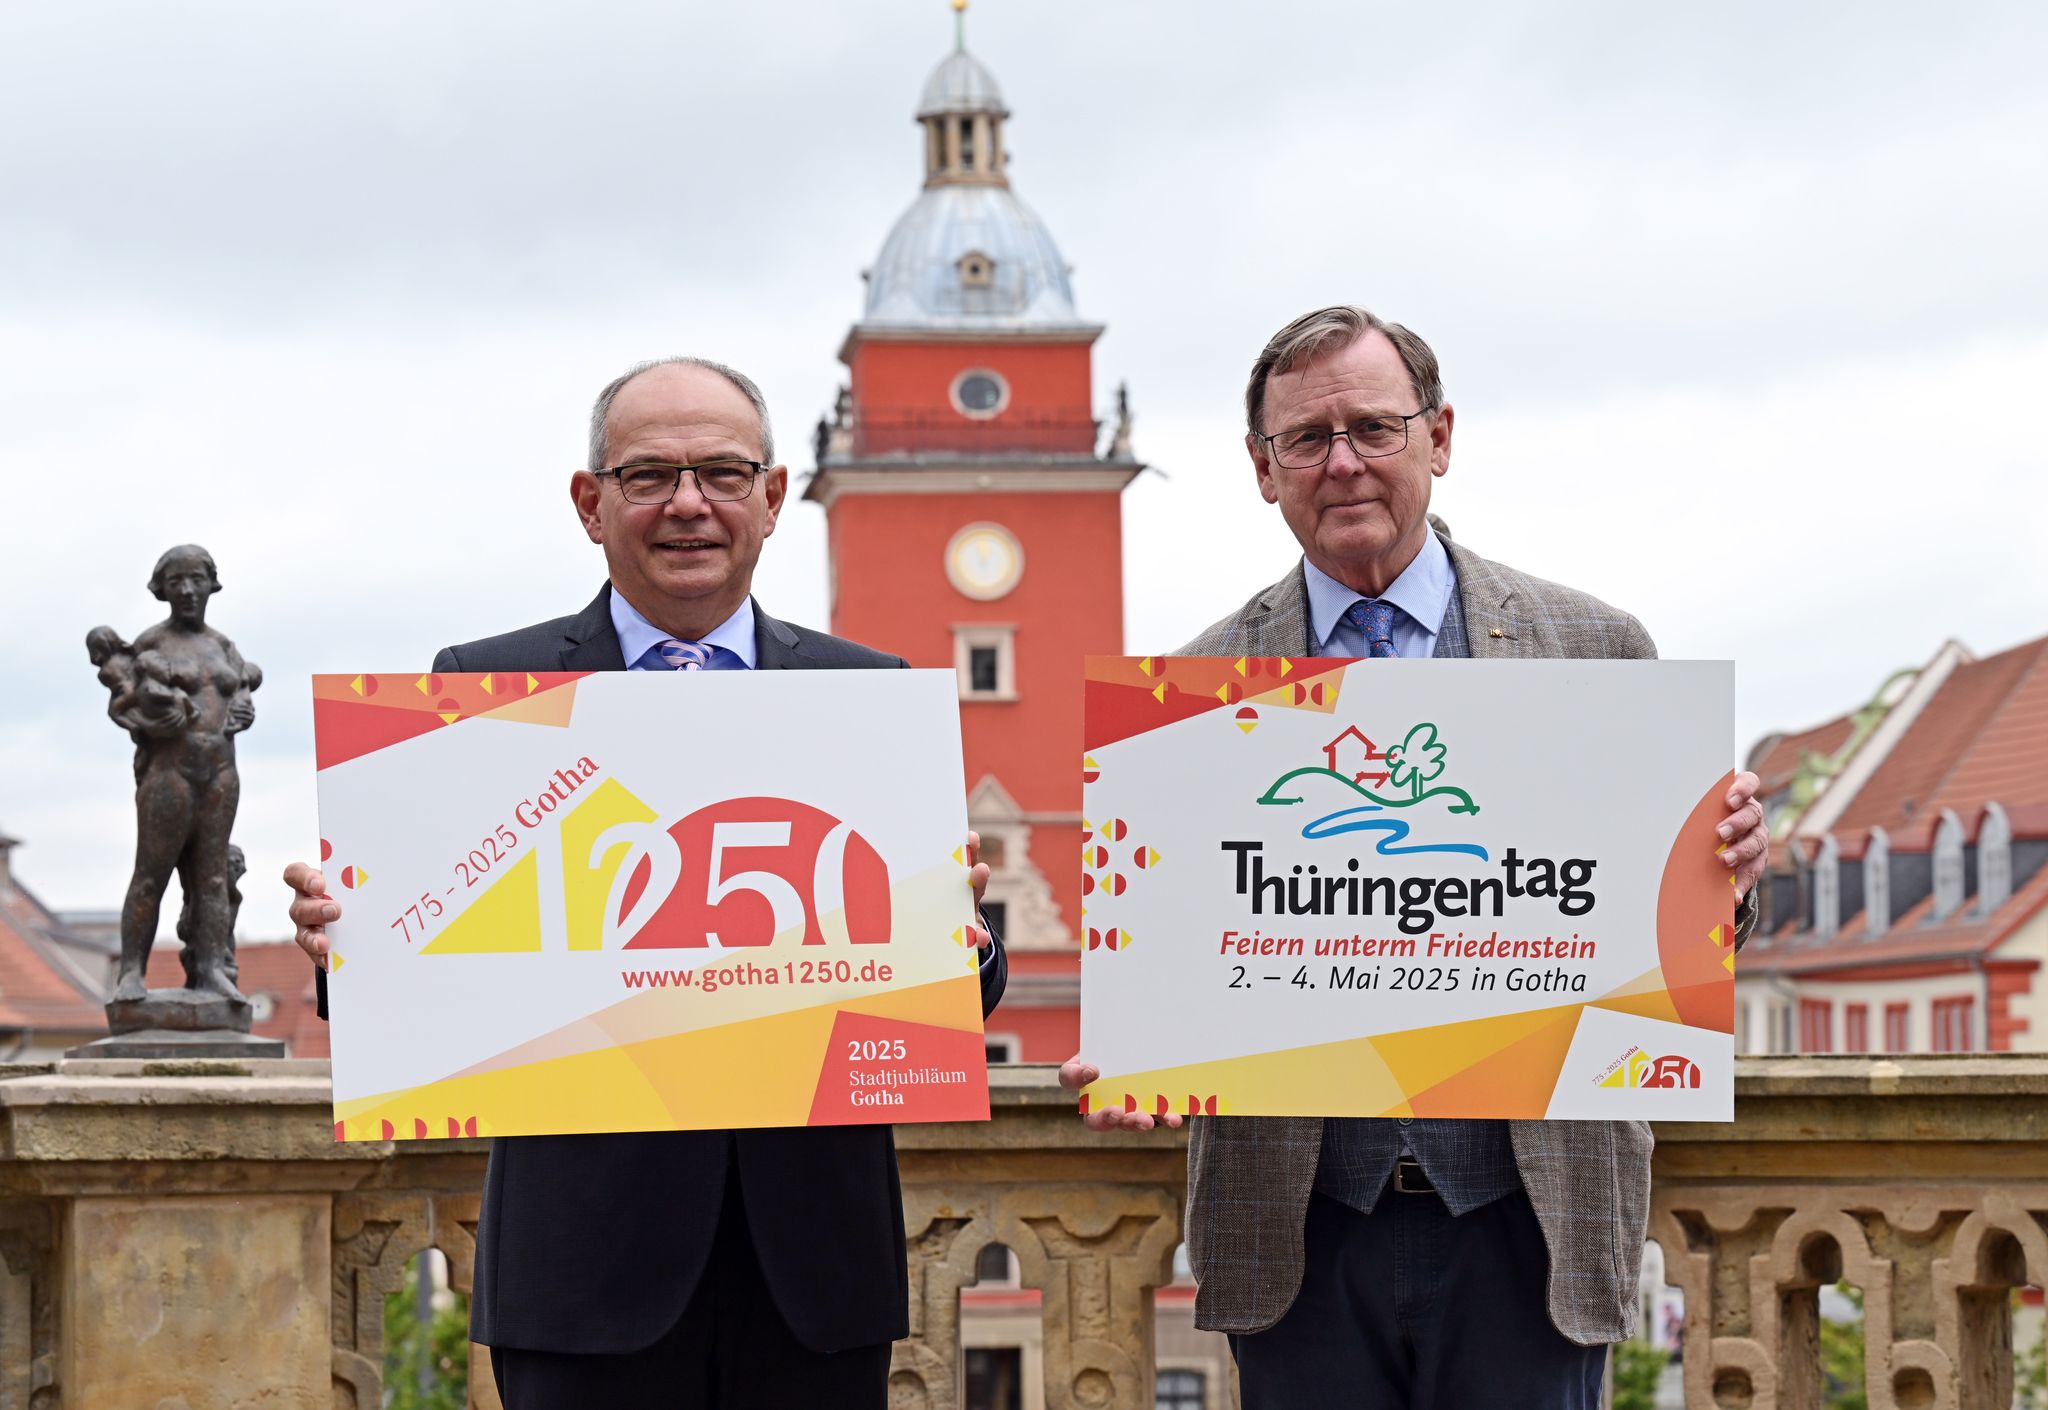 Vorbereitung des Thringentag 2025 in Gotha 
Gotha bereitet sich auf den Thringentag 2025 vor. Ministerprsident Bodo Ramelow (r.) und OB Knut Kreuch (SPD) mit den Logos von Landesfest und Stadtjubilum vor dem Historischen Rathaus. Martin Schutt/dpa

__________

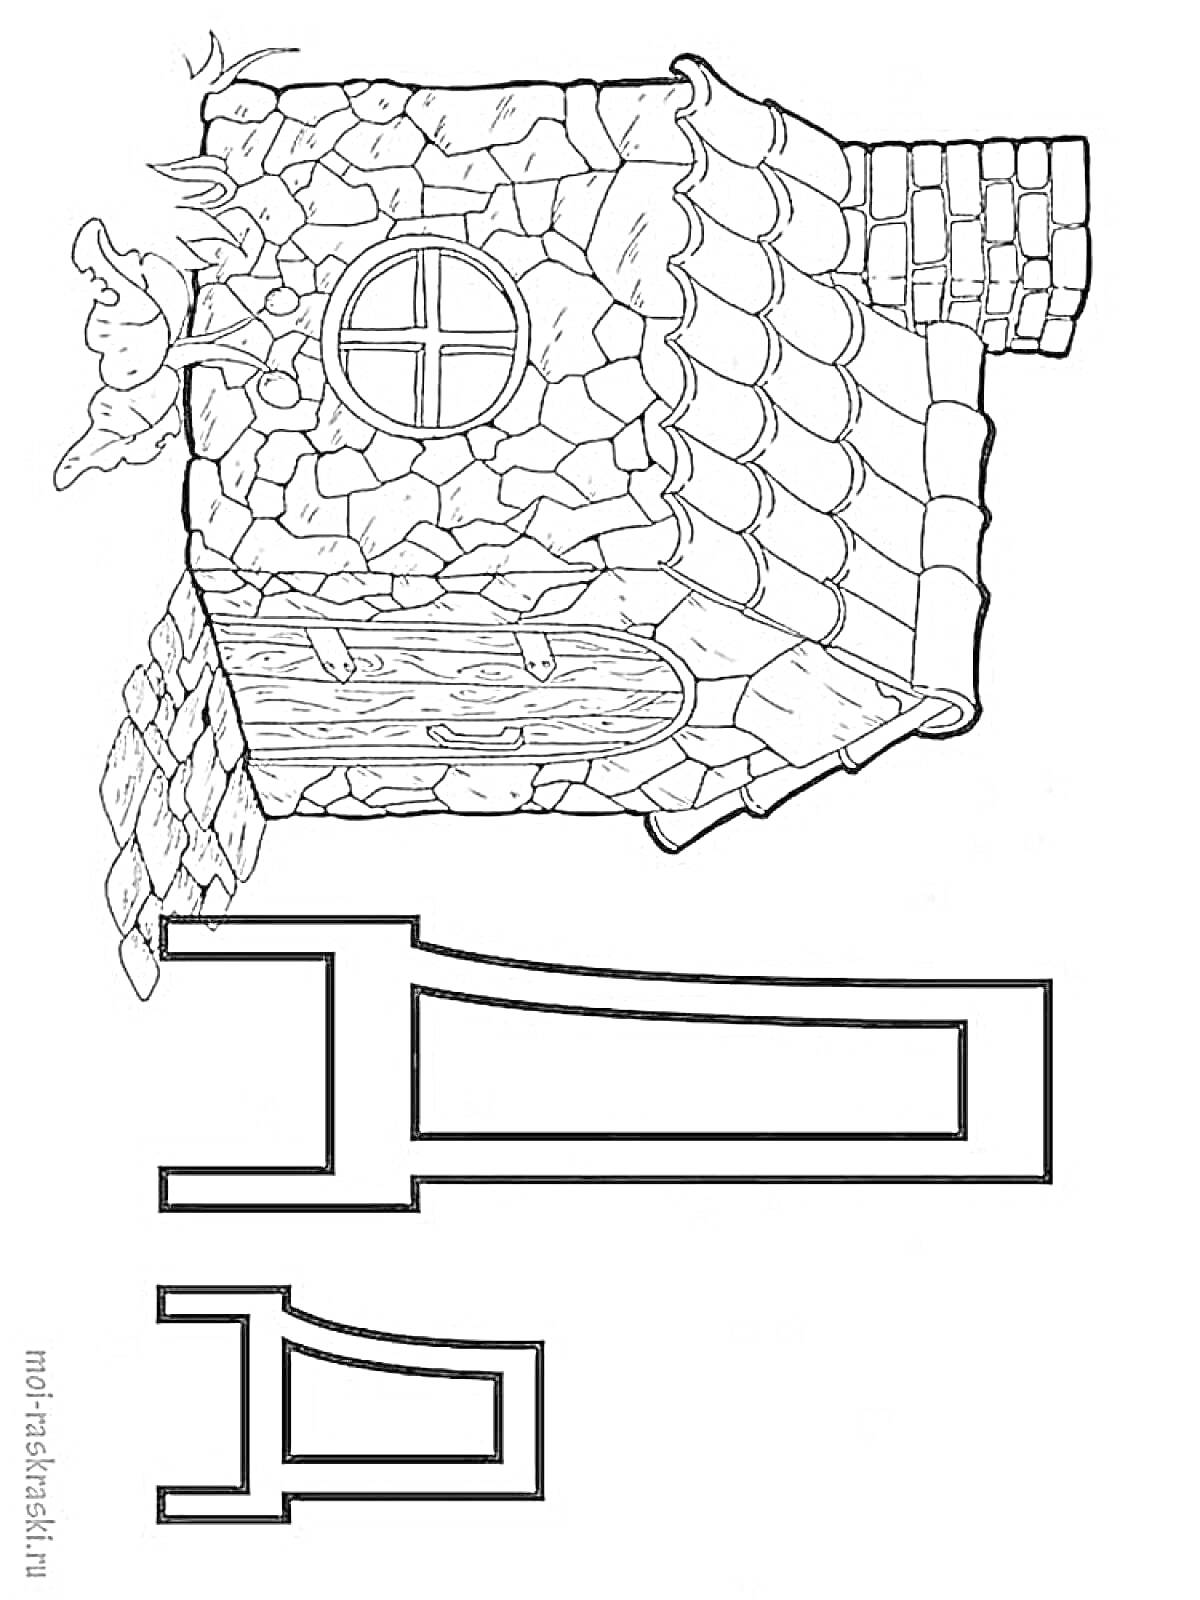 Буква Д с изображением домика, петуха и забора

__________

**Brief:** What belongs in the answer is each line above from the line with "Vorbereitung des Thringentag 2025 in Gotha" to the line with "Gotha bereitet sich", inclusive, reproduced exactly and free of pictures.

**Solution for this task:**
 Vorbereitung des Thringentag 2025 in Gotha 
Gotha bereitet sich auf den Thringentag 2025 vor. Ministerprsident Bodo Ramelow (r.) und OB Knut Kreuch (SPD) mit den Logos von Landesfest und Stadtjubilum vor dem Historischen Rathaus. Martin Schutt/dpa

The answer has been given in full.